Revision takes time. However, the time sacrificed tends to produce much clearer and easier to read content for the user. Clearer code is always return on investment. Redefining the presentation of materials is crucial for the quality of any composition.

The Power of a Thesis

If the writer’s vision isn’t clear, neither is the reader’s.

Knowing what makes a good thesis statement can benefit programmers by:

Increasing his ability to code intentionally
Increasing quality of tests

Coding Intentionally

A thesis is a statement of purpose, one to two sentences, summarizing the entire focus of an essay.

Skilled writers know that each sentence paragraph must point back to the essay’s main focus, and each sentence in a paragraph must point to the argument its paragraph is making. Applicable knowledge of a good thesis enables the writer to stay on track with the essay’s focus throughout the composition process.

Without a thesis statement, it’s hard for the writer to identify the essay’s purpose — making it impossible for the reader.

Programmers must also maintain a program’s focus throughout the coding process. This allows for intentionality in each step towards the program’s main objective. By keeping the program’s objective in mind during development, variable names are concise. Function signatures accurately depict their behavior. Classes indicate carefully separated functionality. Each unit better reflects the system’s unified purpose.

A constant, clear focus of a system’s goal also enables the file hierarchy of a system to be better organized. Having a visible conceptual layout often results in a better defined hierarchical layout.

Increasing Quality of Tests

Tests either pass or pail — there is no in between. This means that tests differ in quality. By translating knowledge of a thesis to programming and having a clear idea of a software system’s focus, test quality improves. What to test becomes more evident and programming time is not wasted.

In acceptance testing, tests should indicate correct system behavior. In unit testing, tests should point directly to units that contribute to the system’s correct behavior.

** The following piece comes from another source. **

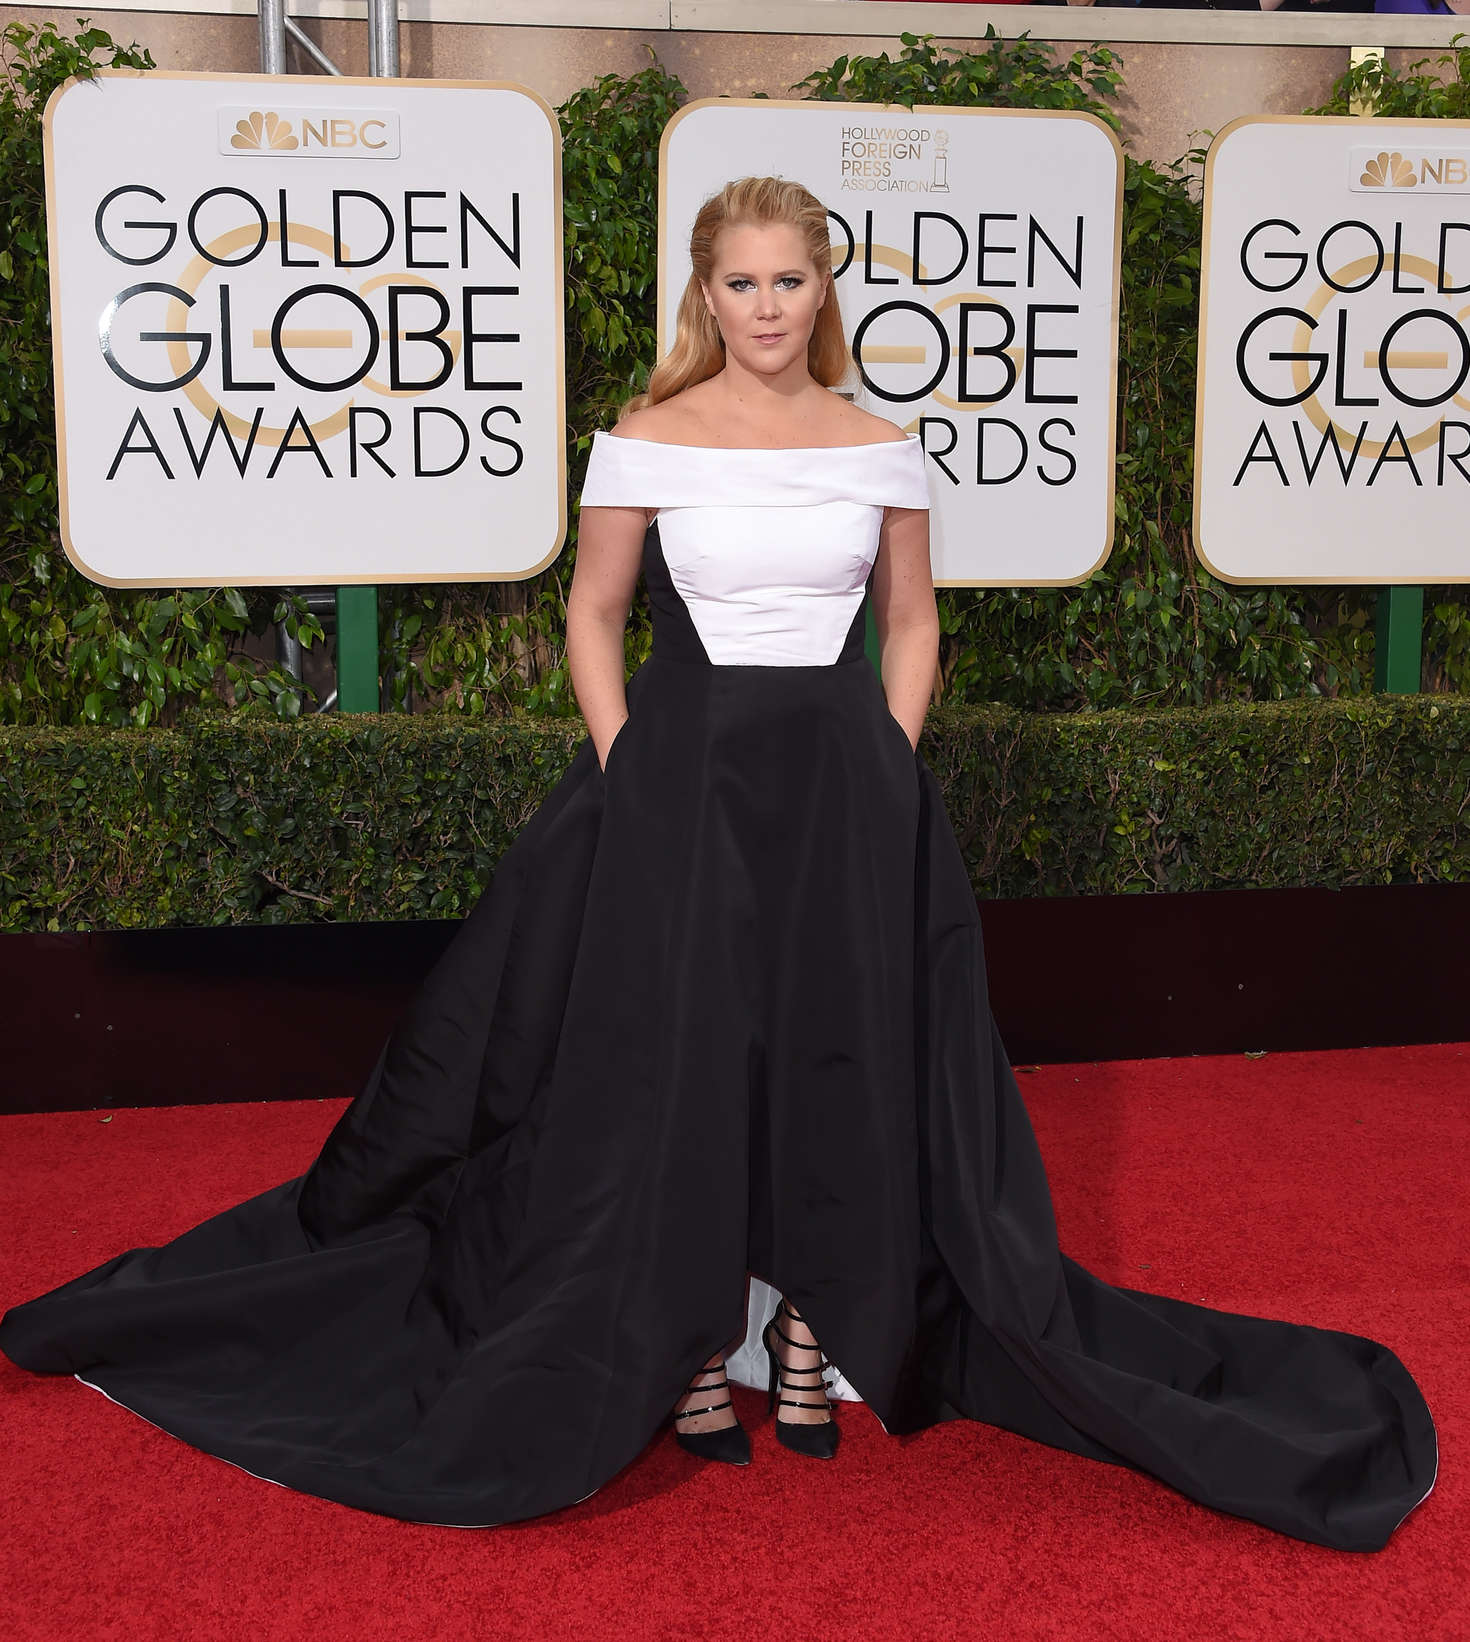 Amy Schumer - 2016 Golden Globe Awards in Beverly Hills

Consider a simple translator application. Imagine it looks something like the following:

The user types the phrase he wants to translate in the left-most box. To begin translation, he clicks the blue Translate button; the button turns from blue to green after translation is complete. The translated text then shows in the right-most box.

Without knowledge of what makes a good thesis, a programmer may write tests that look like this:

Bad_Test {
  button.color = blue
  translateButton.click()
  expect(button.color).toBe(green)
}

Bad_Test verifies the UI performs the appropriate styling. This is great — however, this test does not verify the system’s objective, which is to translate text from one language to another. This programmer is not applying knowledge of a thesis to his code.

Bad_Test should be rewritten with the system’s focus in mind, as a thesis enforces. A more appropriate test would be to check if the system successfully translates text from one language to another:

Good_Test {
  message = "hello"
  translatedMessage = translate(message).fromEnglish().toSpanish()
  expect(translatedMessage).toBe("hola")
}

Good_Test is relevant to the system and successfully verifies that the translator application is working as expected. Just as each sentence in an essay should point back to the thesis statement, tests should point back to the system’s overall purpose.

Conclusion

The benefits of programmers understanding and applying standard convention writing techniques are invaluable. Effective programmers focus on not only achieving a system’s goal, but by achieving its goal in the clearest, most readable manner.

By choosing to write clear-cut code using the techniques of writing, software inevitably reaches its highest possible level of quality — as it should.